Entrañas infernales

Bernardo Tobar
Quito, Ecuador

La naturaleza humana necesita a veces de la cuantía para darle a la tragedia la dimensión conceptual de tal y tomar acciones en consecuencia, como ha sucedido con más de 230 víctimas fatales del incendio de una discoteca en Brasil, que ha suscitado el luto internacional. La semana pasada murieron cinco personas que trabajaban en Puerto Nuevo, Azuay, en una de esas 1 400 operaciones mineras en el Ecuador que se realizan al margen de la ley, cada una con decenas o centenares de mineros, sin observar las normas más básicas de seguridad y salud. Recordar la historia de los asentamientos ilegales es recorrer una historia de muerte, trabajo infantil, caras dinamitadas, miembros mutilados, ríos contaminados… Pero como mueren de cinco en cinco y por cuotas temporales y espaciales, es un drama frente al cual el país entero ha hecho la vista gorda por décadas, amén de autoridades que de tiempo en tiempo presionan demagógicamente por su «legalización».

Para mi gusto las discotecas son lo más cercano al infierno, especialmente por la dificultad en salir. A sus entrañas suele llegarse por túneles y pasadizos oscuros, estrechos, puertas medio ocultas y generalmente bloqueadas por «seguridad», luego de sortear algunos controladores que impiden entrar a los sospechosos de estar con el alma y la petaca limpias, tanto como dificultan la salida de los que no han saldado sus cuentas luego de rendir tributo a Indra, Baco y Venus. Por diseño estratégico y rutina funcional, no es posible una evacuación rápida ante una contingencia. El encanto de estos recintos está, precisamente, en desafiar las normas de seguridad y salud, donde la única señalización claramente visible conduce al bar, los intercambios de emisiones se dan a menos de un palmo y la música es tan ensordecedora y estridente que una alarma de incendio no se oiría o, peor aún, sería confundida con los sonidos de la música electrónica.
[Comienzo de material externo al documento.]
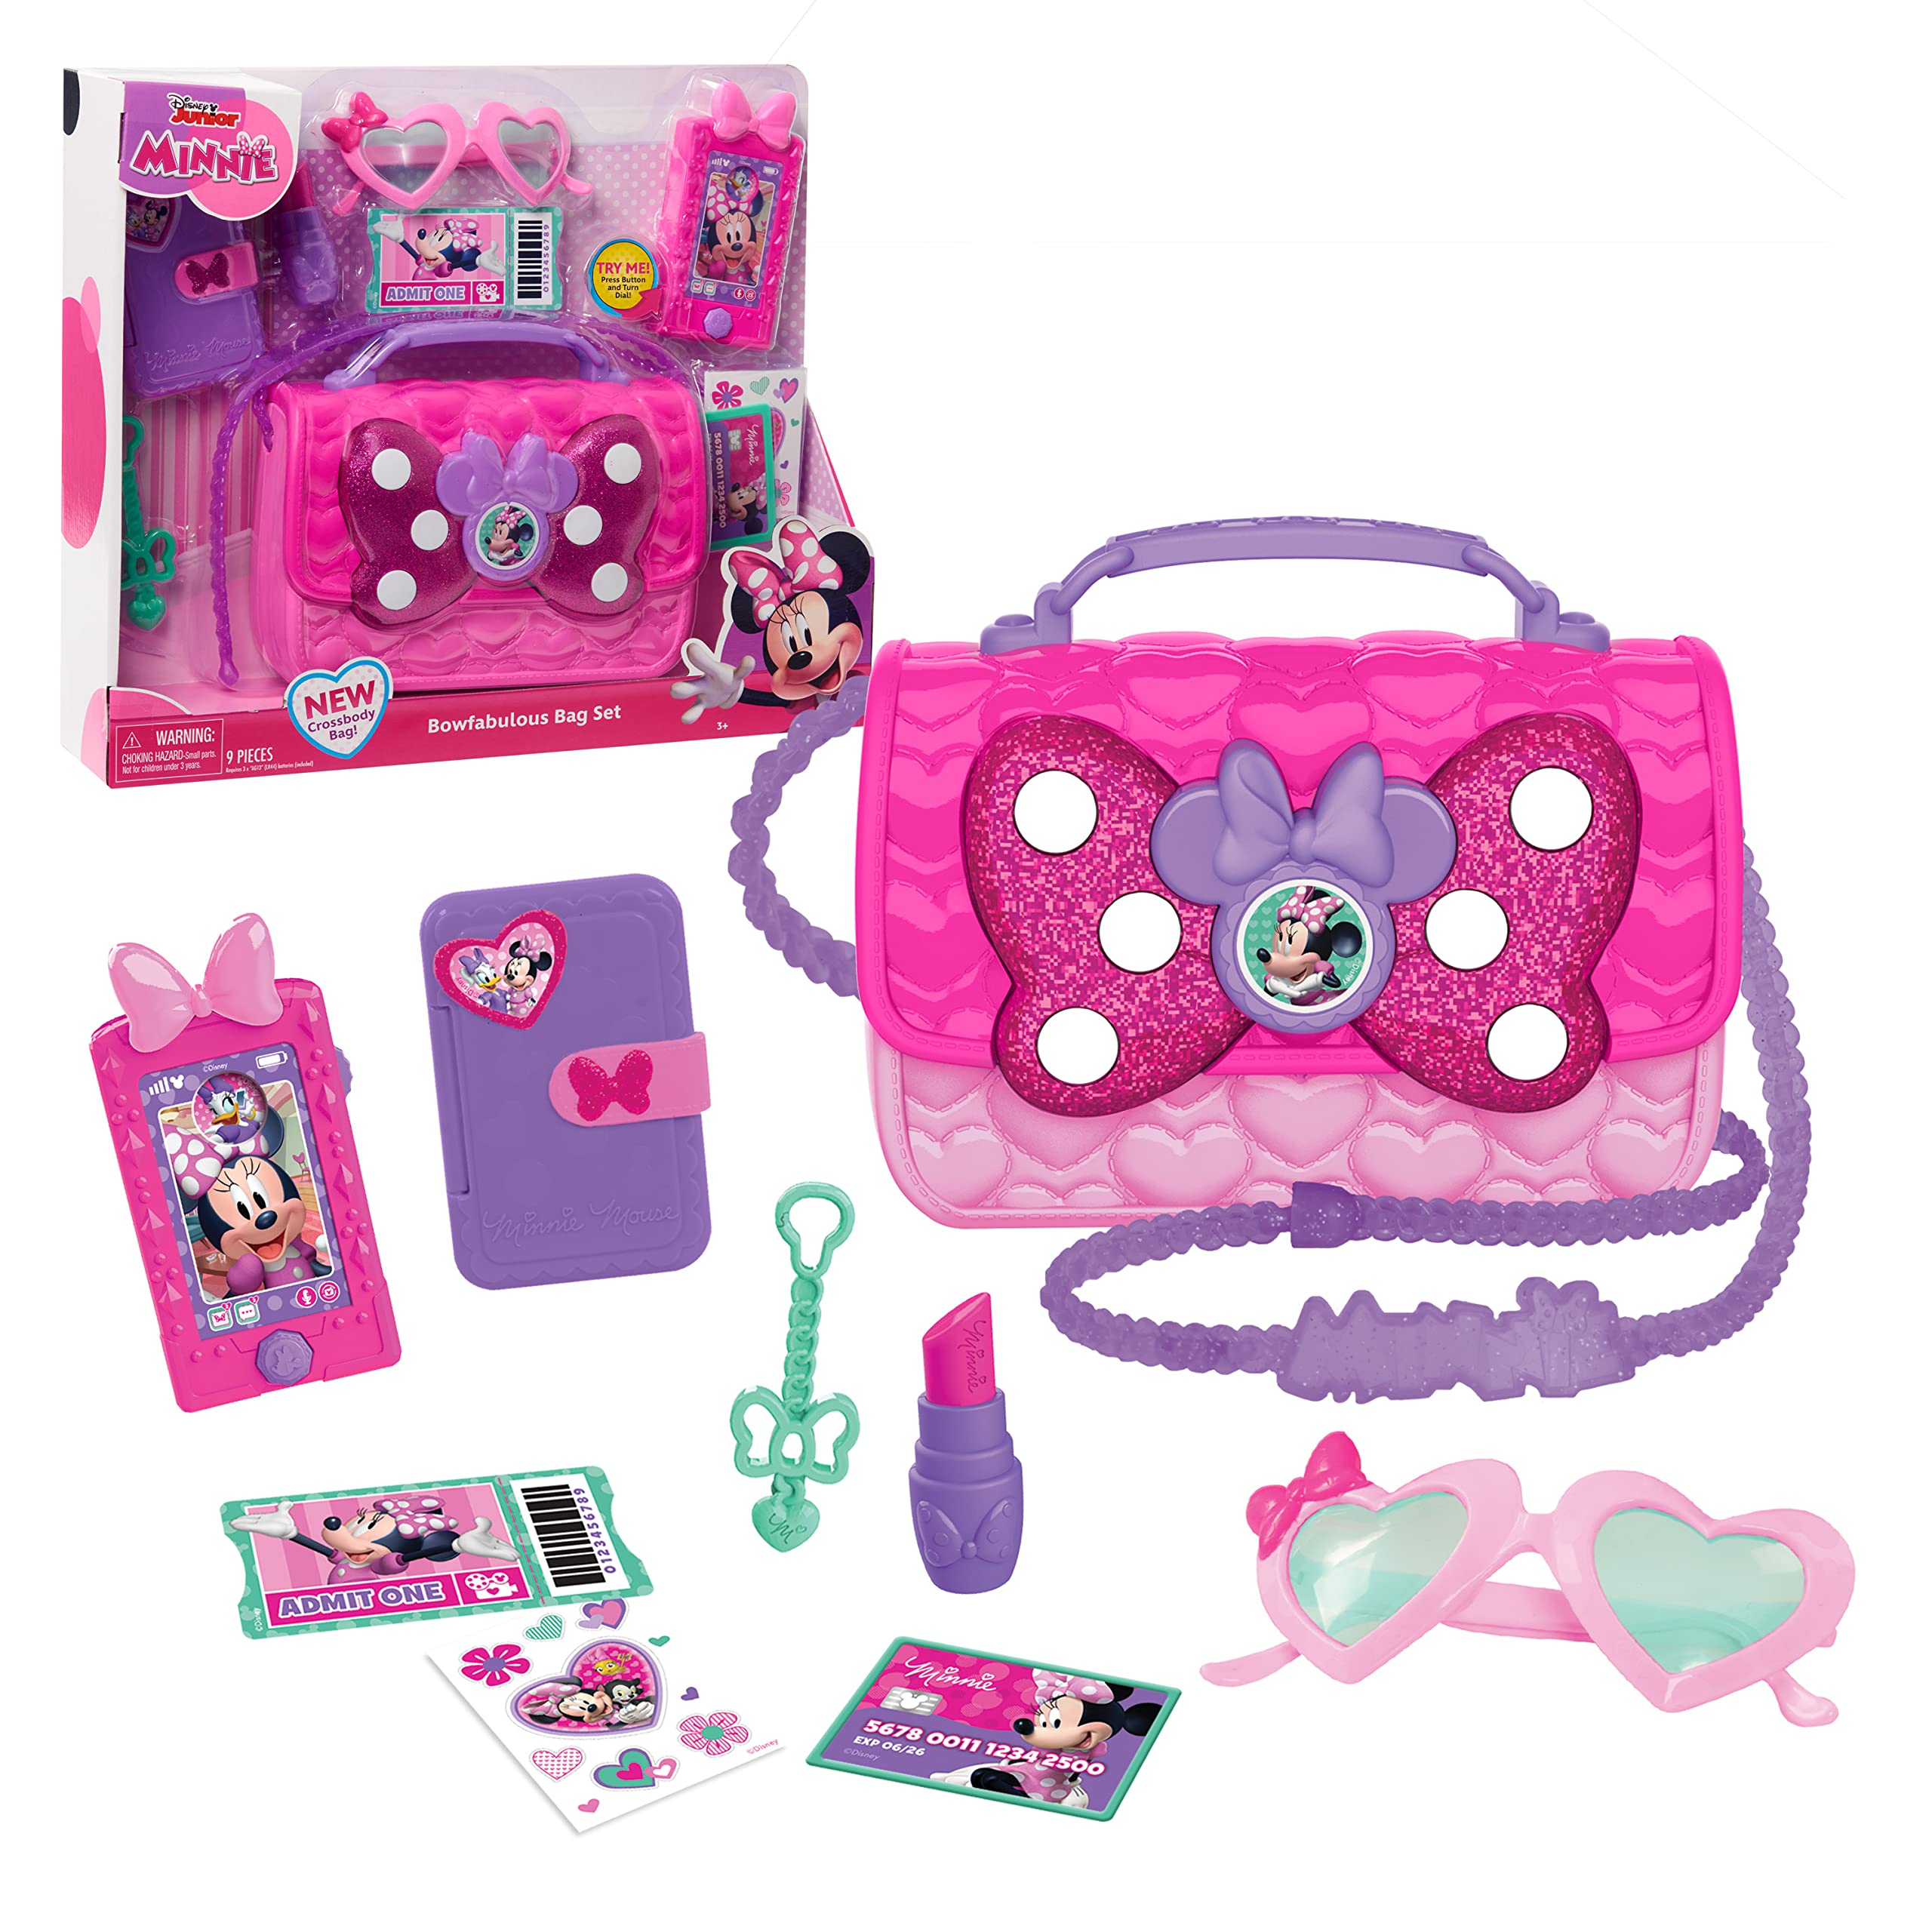 Just Play Disney Junior Minnie Mouse Bowfabulous Bag Set, 9 Piece Pretend Play Purse with Lights and Sounds cell Phone, Sunglasses, and Ac

Mucho peores aún, por la trampa mortal que suponen, son los túneles que se abren por cientos de metros con pico y pala hasta las entrañas de la tierra, superpuestos caprichosa y arbitrariamente, de modo que sus bocas semejan la fachada de un queso gruyere, sin ingeniería, diseño, estudio de suelos, ni técnica constructiva que ofrezca al minero artesanal la seguridad de salir vivo o sano. Esa maraña de cavidades, donde el techo de uno es, sin saberlo el que se adentra por encima, su piso, amenaza permanentemente con colapsar; y colapsa, de tiempo en tiempo, de cinco en cinco.

La izquierda radical se opone a rajatabla a la minería empresarial -única con capacidad gerencial, tecnológica y financiera para cumplir con la intricada y sobrecargada exigencia regulatoria, fiscal, ambiental y laboral-, pero admite la continuidad de asentamientos donde no hay ley, ni derechos humanos o de la naturaleza, sino mujeres, niños y hasta ancianos partiéndose la espalda y abundancia de dinamita y mercurio, que sin ningún tratamiento va a parar a los ríos. Y a todo ello se suma la creciente penetración de dinero sucio que se lava en las mismas bateas del oro, bajo fachadas de minería artesanal o de pequeña escala.

* El texto de Bernardo Tobar ha sido publicado originalmente en HOY.